Nie wiem jak sie powinno tzn chodzi mi o przepisy, ale tak jak Ci zrobili jest wg mnie logicznie.  Masz pod reka zamykanie a nie po drugiej stronie. 

A ogólnie to tez problem wymysliłeś , chyba tylko pogratulować wypada.

----------


## tkowalczyk

Dzięki za odpowiedź. Problem jak każdy inny. Wanna wg mnie została źle zamontowana i przy okazji zniszczona. Korek bez względu na to z której strony byłby zamontowany będzie pod ręką. Moim zdaniem nie do końca praktyczne jest takie zamontowanie wanny.. Weź pod uwagę, że korzystają z niej również dzieci, którym przy wchodzeniu do wanny korek może przeszkadzać... a po czasie może nawet się urwać.

----------


## Marcin1978

Ja mam zamontowany korek po stronie sciany pod baterią  i do głowy by mi nie przyszedł inny montaż. Wydaje mi się ze korek po stronie "zewnetrznej" będzie przeszkadzał przy wchodzeniu do wanny itd

----------


## vadiol

Nie ma żadnych norm na sposób montażu korka . Zamontowany przy ścianie nie przeszkadza we wchodzeniu do wanny . Zamontowanie po stronie "zewnętrznej" ,`pozwoli na jego wymianę w razie awarii .

----------


## barto307cc

Wg mnie obowiązkiem ich było zapytanie  jak mają ustawić wannę.U mnie dziś ustawiali wannę,jest asymetryczna,nie było innej opcji ustawienia niż Panowie ustawili a mimo to wcześniej pytali jak ma stać....bo moge mieć np inne wizje niż oni  :wink: )

----------


## Ryska

Bardzo wygodny w użyciu jest korek po przeciwnej stronie niż ściana. Użytkowałam tak zamontowaną wannę przez 8 lat i następna wanna też będzie tak zamontowana.

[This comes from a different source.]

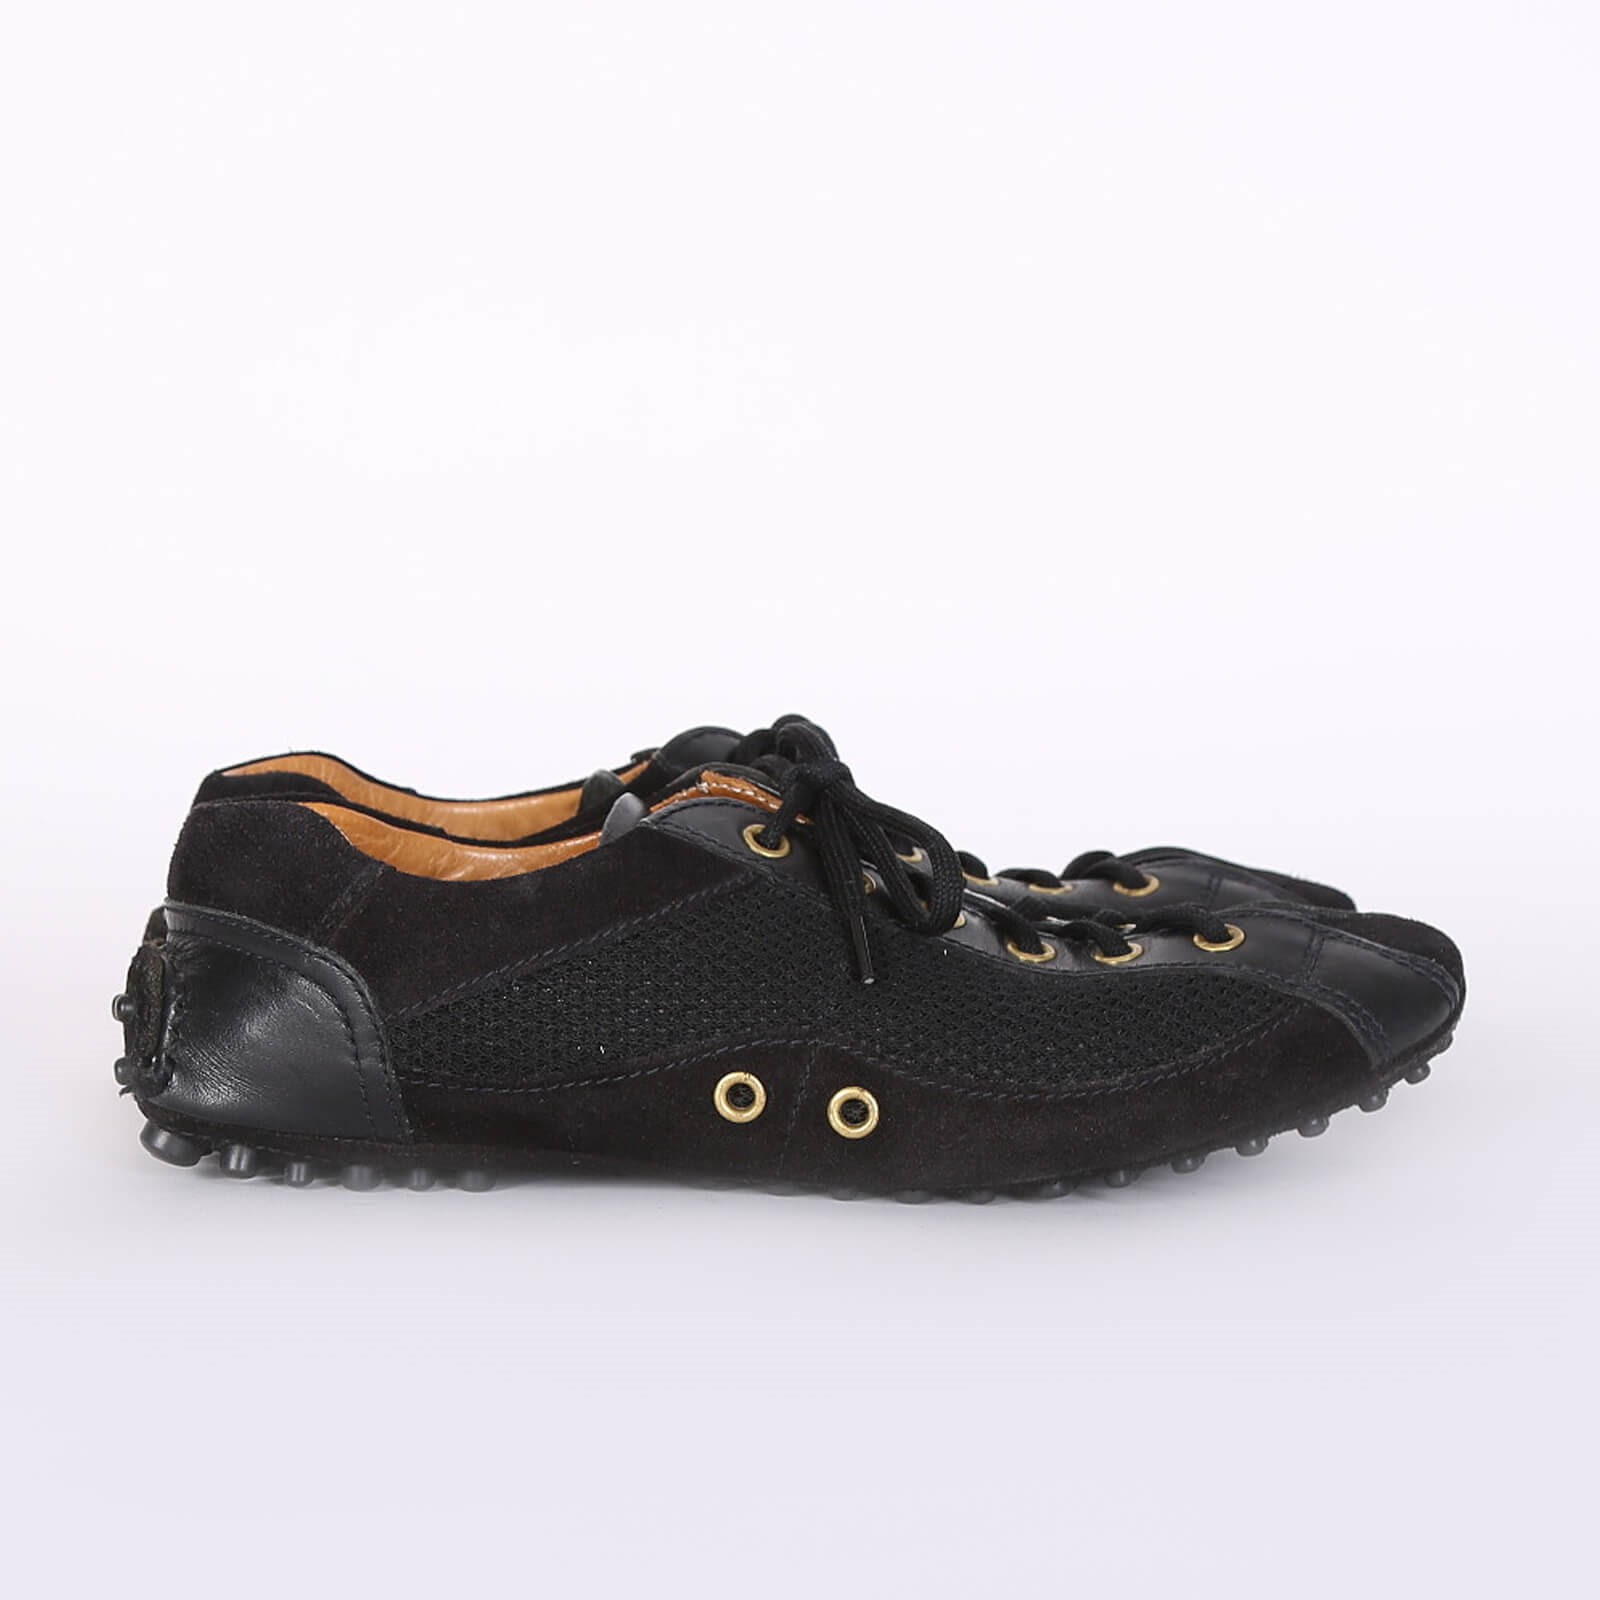 Prada - Car Shoe Leather Driving Sneakers Black 35

Mam dwoje małych dzieci i niczego nie urwały, pokrętło działało poprawnie. Z myciem zakamarków tego pokrętła nie było większych problemów - moim zdaniem same plusy z tak zamontowanej wanny. 

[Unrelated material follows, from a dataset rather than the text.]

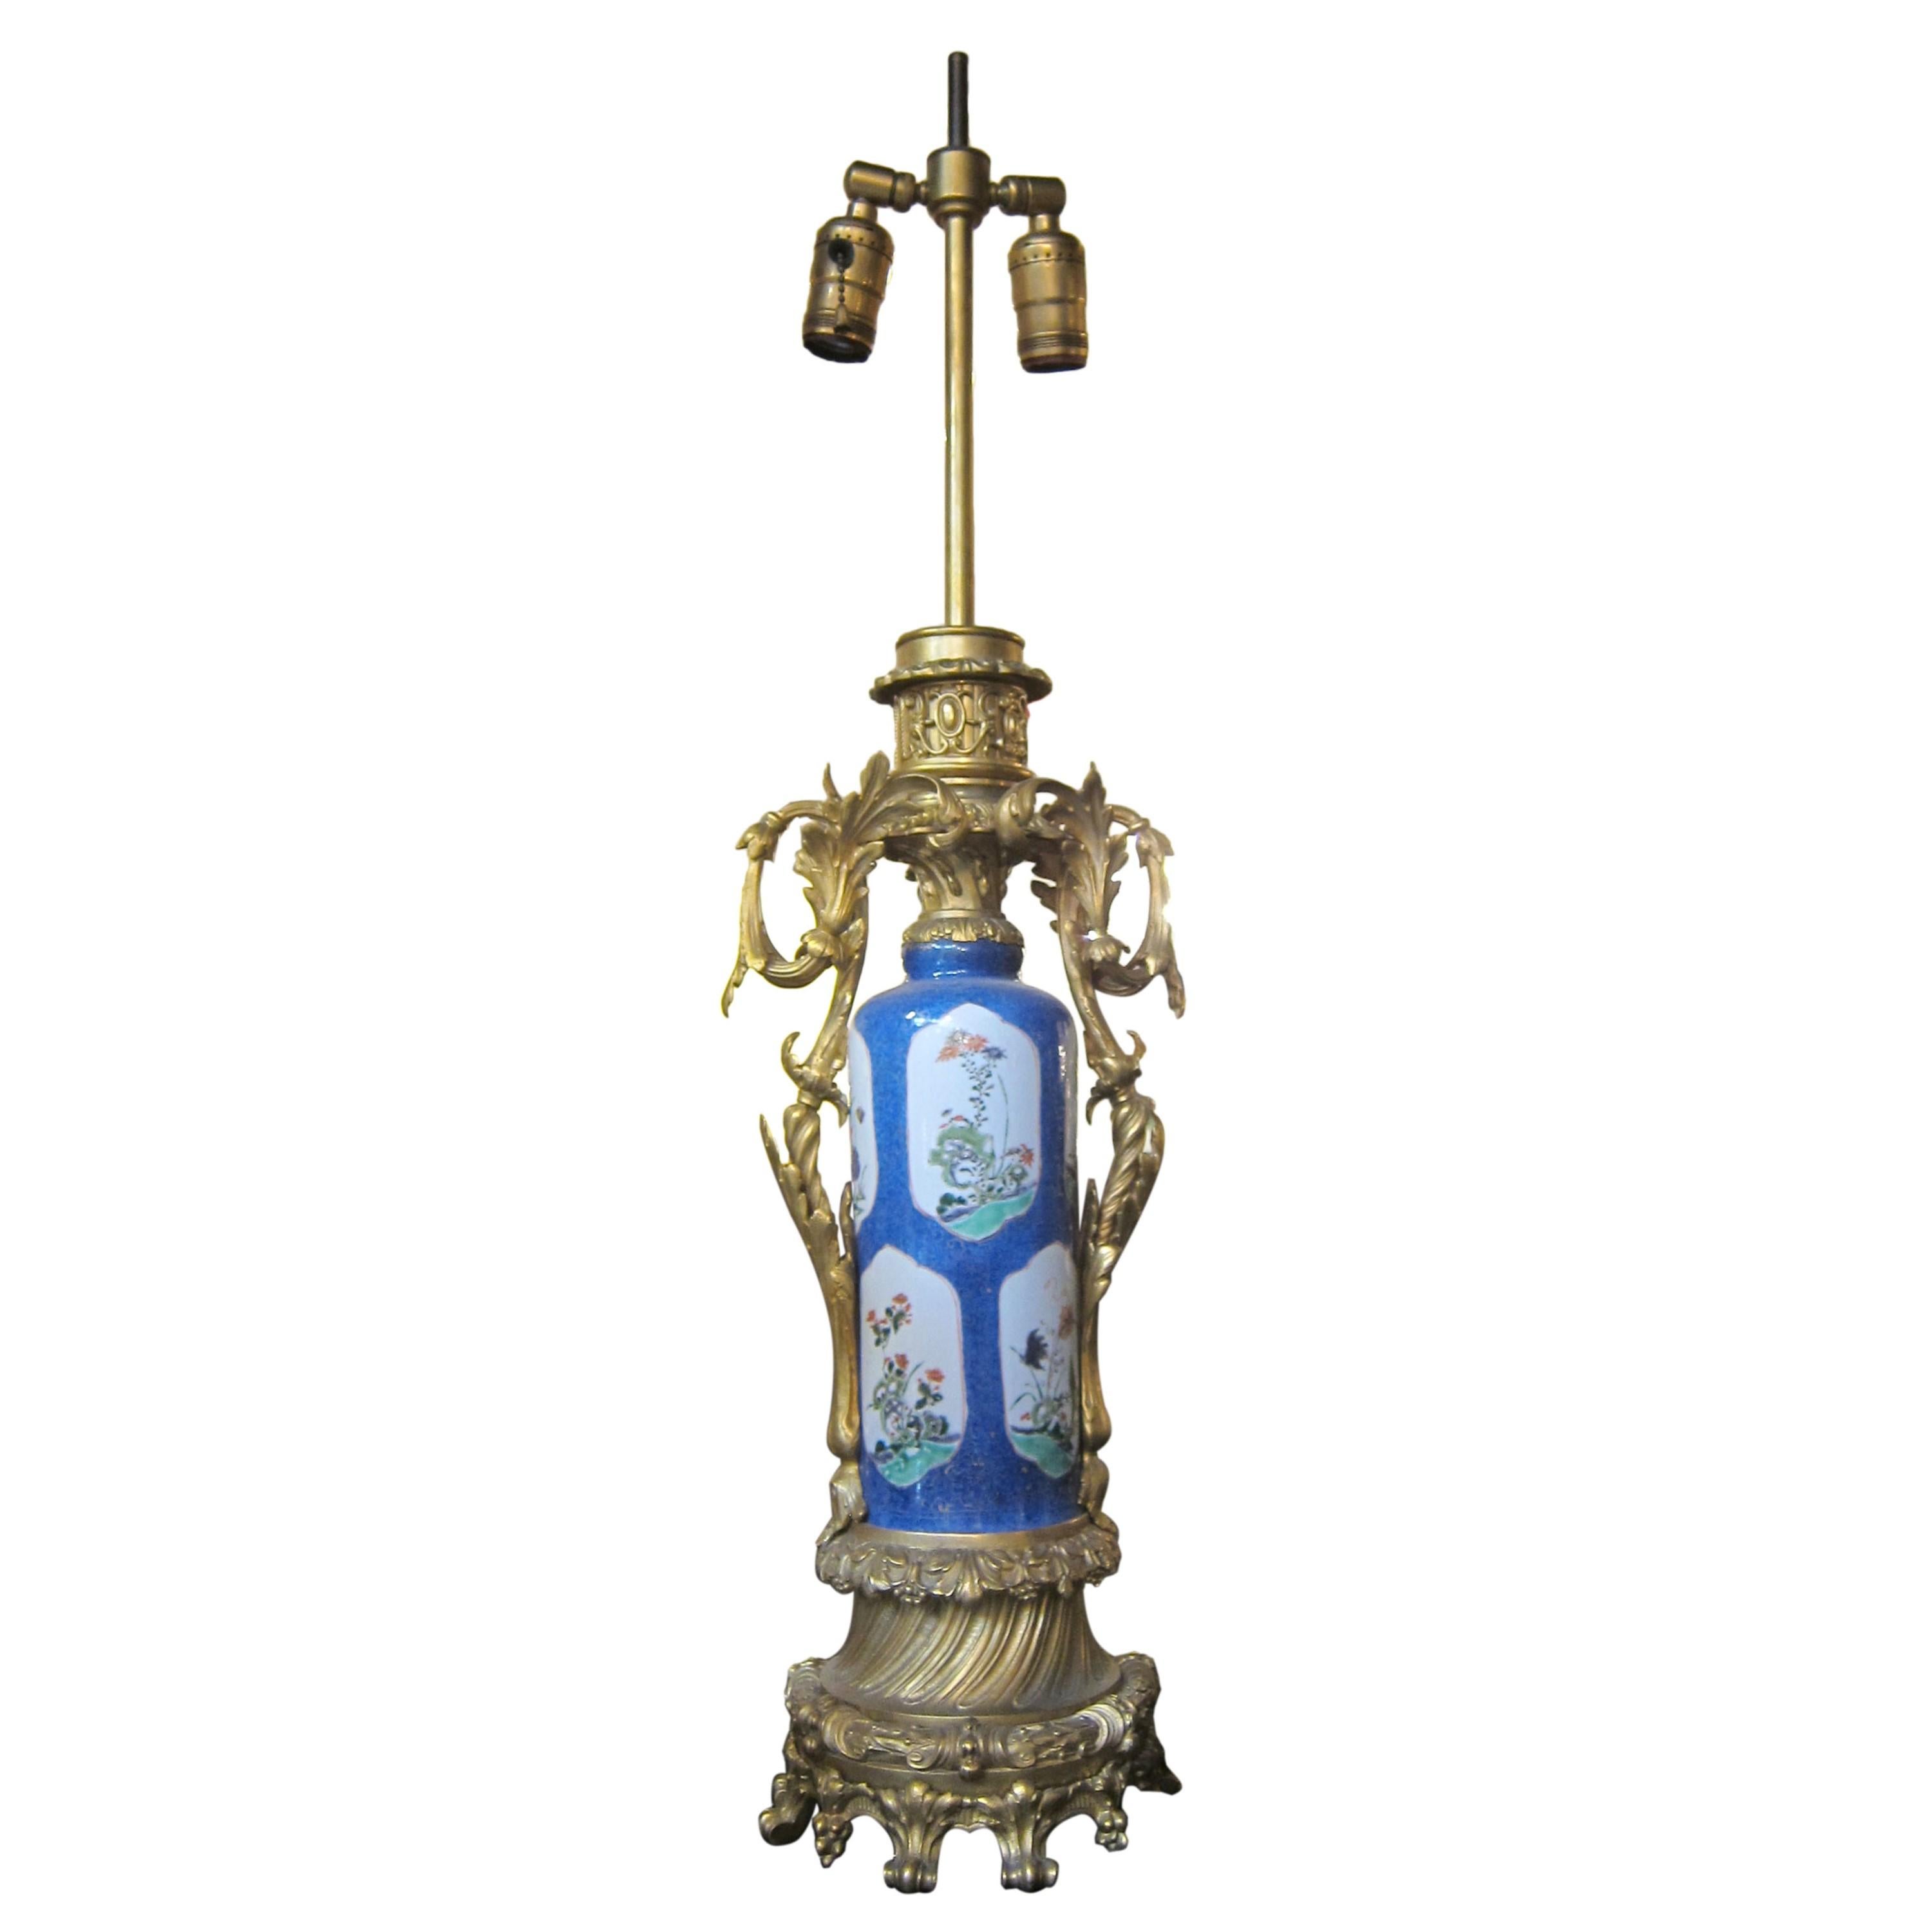 Paar französische Urnen-Tischlampen aus blauem Porzellan mit fein detaillierten Bronze- und Ormolu-Beschlägen. Jede Leuchte benötigt zwei Glühbirnen. Der Preis gilt für ein Paar. Gereinigt und restauriert. Bitte beachten Sie, dass sich dieser

Ale mimo wszystko fahofcy powinni wcześniej zapytać jak wannę zamontować.

----------


## edmaan

Ja mam wannę firmy Ravak Evolution z jednej strony brzeg jest prosty, a z drugiej jest łuk , odpływ i zamykanie jest po stronie łuku. Wynika z tego , że twoja wanna faktycznie została zamontowana odwrotnie. W moim przypadku jakby nawet było można zamontować ją odwrotnie to zamykanie byłoby bardzo niewygodne , bo wanna ma 103 cm szerokości.

----------